The app can then be deployed alongside its XRd vRouter partner using the Helm chart provided in the chart/ directory.

Amazon EKS Setup

The Amazon EKS environment can be set up using this Terraform configuration.

In addition, the HA app makes API requests to the AWS EC2 service, and must use an IAM role to sign these requests via the IAM roles for service accounts mechanism.

IAM roles for service accounts must be enabled in your EKS cluster by completing the following procedures:

  1. Creating an IAM OIDC provider for your cluster
  2. Configuring a Kubernetes service account to assume an IAM role
  3. Configuring Pods to use a Kubernetes service account

The IAM policy created in step (2) must have the following permissions:

  • ec2:DescribeInstances
  • ec2:AssignPrivateIpAddresses
  • ec2:UnassignPrivateIpAddresses
  • ec2:CreateRoute
  • ec2:DeleteRoute
  • ec2:ReplaceRoute

The required annotation can be added to the ServiceAccount using the Helm chart haApp.serviceAccount.annotations value.

The HA app uses a VPC endpoint rather than the regional EC2 service endpoint. This can be created using these instructions.

Configuration

Example XR configuration can be found in Functional Specification: Example XR Config.

The HA app is configured by mounting a YAML configuration file at /etc/ha_app/config.yaml inside the container.

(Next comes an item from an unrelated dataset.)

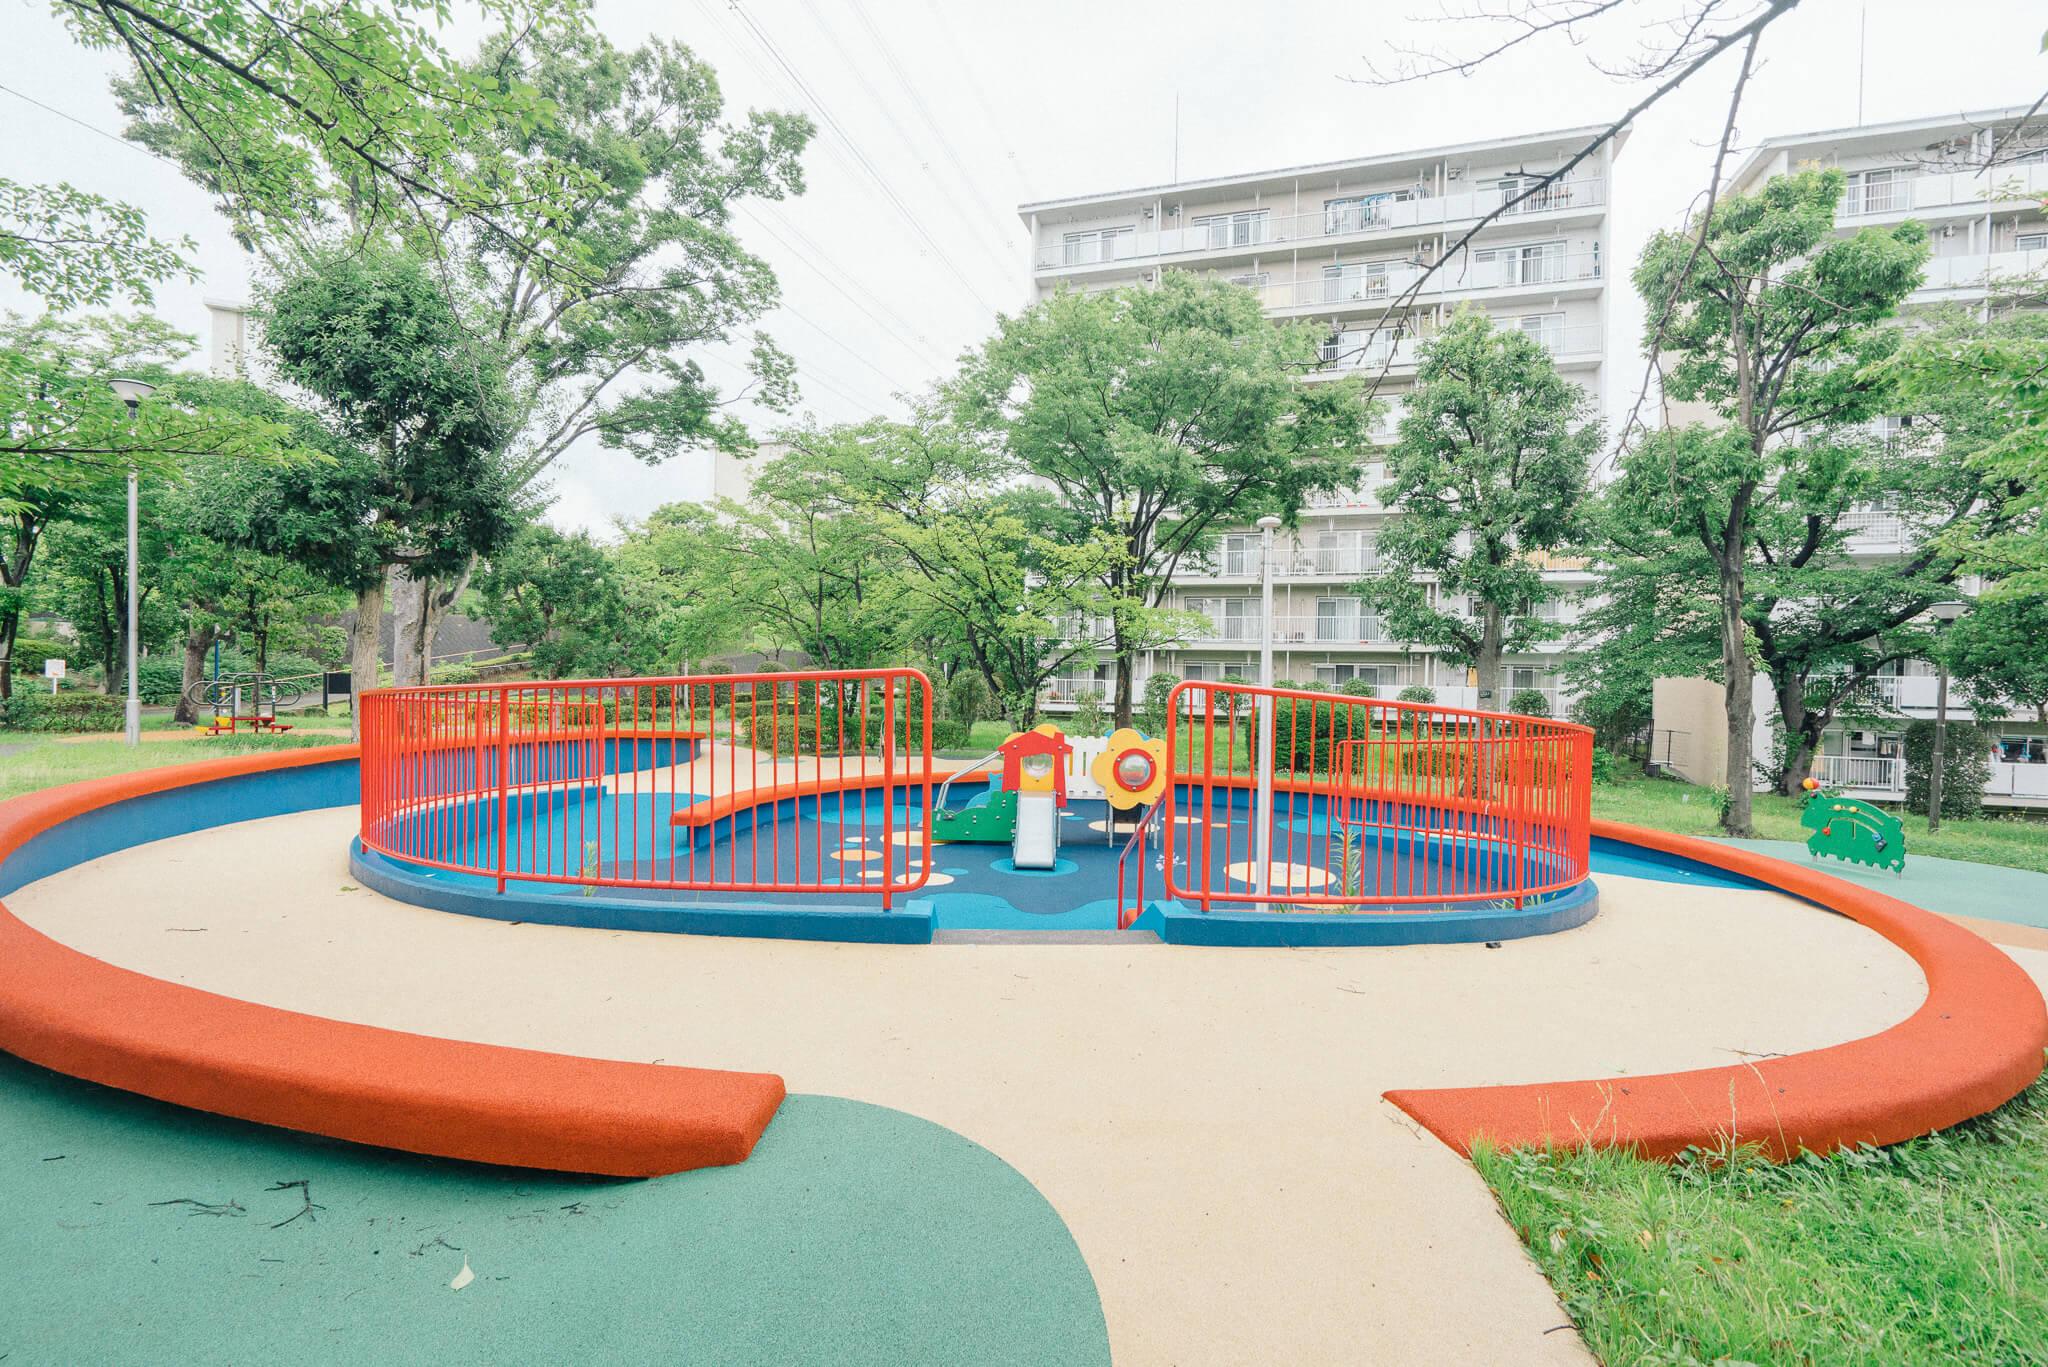 小さな子ども向けの遊具も充実。団地の取材はこれで5件目ですが、UR賃貸住宅の団地って、緑や公園がとても綺麗に整備されていて感心してしまいますね。

The mount is automatically set up if using Helm, where the haApp.config field should be used to provide the YAML configuration (see the chart/values.yaml file).

The schema for the HA app YAML configuration file is as follows:

# Global configuration.
global:
  # Port number to use for running the gRPC server.
  port: <integer>  # optional, defaults to 50051
  # Interval in seconds at which to perform consistency checks.
  consistency_check_interval_seconds: <integer>  # optional, defaults to 10
  # Only AWS supported initially, other cloud providers may be supported in future.
  aws:
    # URL for a configured AWS VPC endpoint, see https://docs.aws.amazon.com/vpc/latest/privatelink/what-is-privatelink.html.
    ec2_private_endpoint_url: <url>

# List of VRRP groups and action to perform when each goes active.
groups:
    # 'xr_interface' must be a fully qualified, long form XR interface name.
  - xr_interface: <XR interface name>
    # The virtual router ID, as configured in the XR VRRP config.
    vrid: <integer>
    # Action to perform when active state.
    action:
      # 'type' is one of:
      #   aws_activate_vip - move a secondary IP onto the relevant interface.
      #   aws_update_route_table - update route table to point to relevant interface.
      type: <enum>
      # 'device_index' is the AWS interface index, needed for 'aws_activate_vip' only.
      device_index: <integer>
      # 'vip' is the IP address to activate, needed for 'aws_activate_vip' only.
      vip: <IPv4 address>
      # 'route_table_id' is the ID of the route table, needed for 'aws_update_route_table' only.
      route_table_id: <string>
      # 'destination' is the route to update in the route table, needed for 'aws_update_route_table' only.
      destination: <IPv4 address with mask>
      # 'target_network_interface' is the ENI ID to associate the route with, needed for 'aws_update_route_table' only.
      target_network_interface: <string>

A valid example is as follows:

global:
  port: 50051  # default (optional)
  consistency_check_interval_seconds: 10  # default (optional)
  aws:
    ec2_private_endpoint_url: "https://vpce-0123456789abcdef-vwje496n.ec2.us-west-2.vpce.amazonaws.com"

groups:
  - xr_interface: HundredGigE0/0/0/1
    vrid: 1
    action:
      type: aws_activate_vip
      device_index: 0
      vip: 10.0.2.100
  - xr_interface: HundredGigE0/0/0/2
    vrid: 2
    action:
      type: aws_update_route_table
      route_table_id: rtb-ec081d94
      destination: 192.0.2.0/24
      target_network_interface: eni-90a1bb4e

Diagnostics and Logging

HA app logs can be accessed available via the container client. When running in Kubernetes (the intended deployment scenario), the command is kubectl logs <pod>.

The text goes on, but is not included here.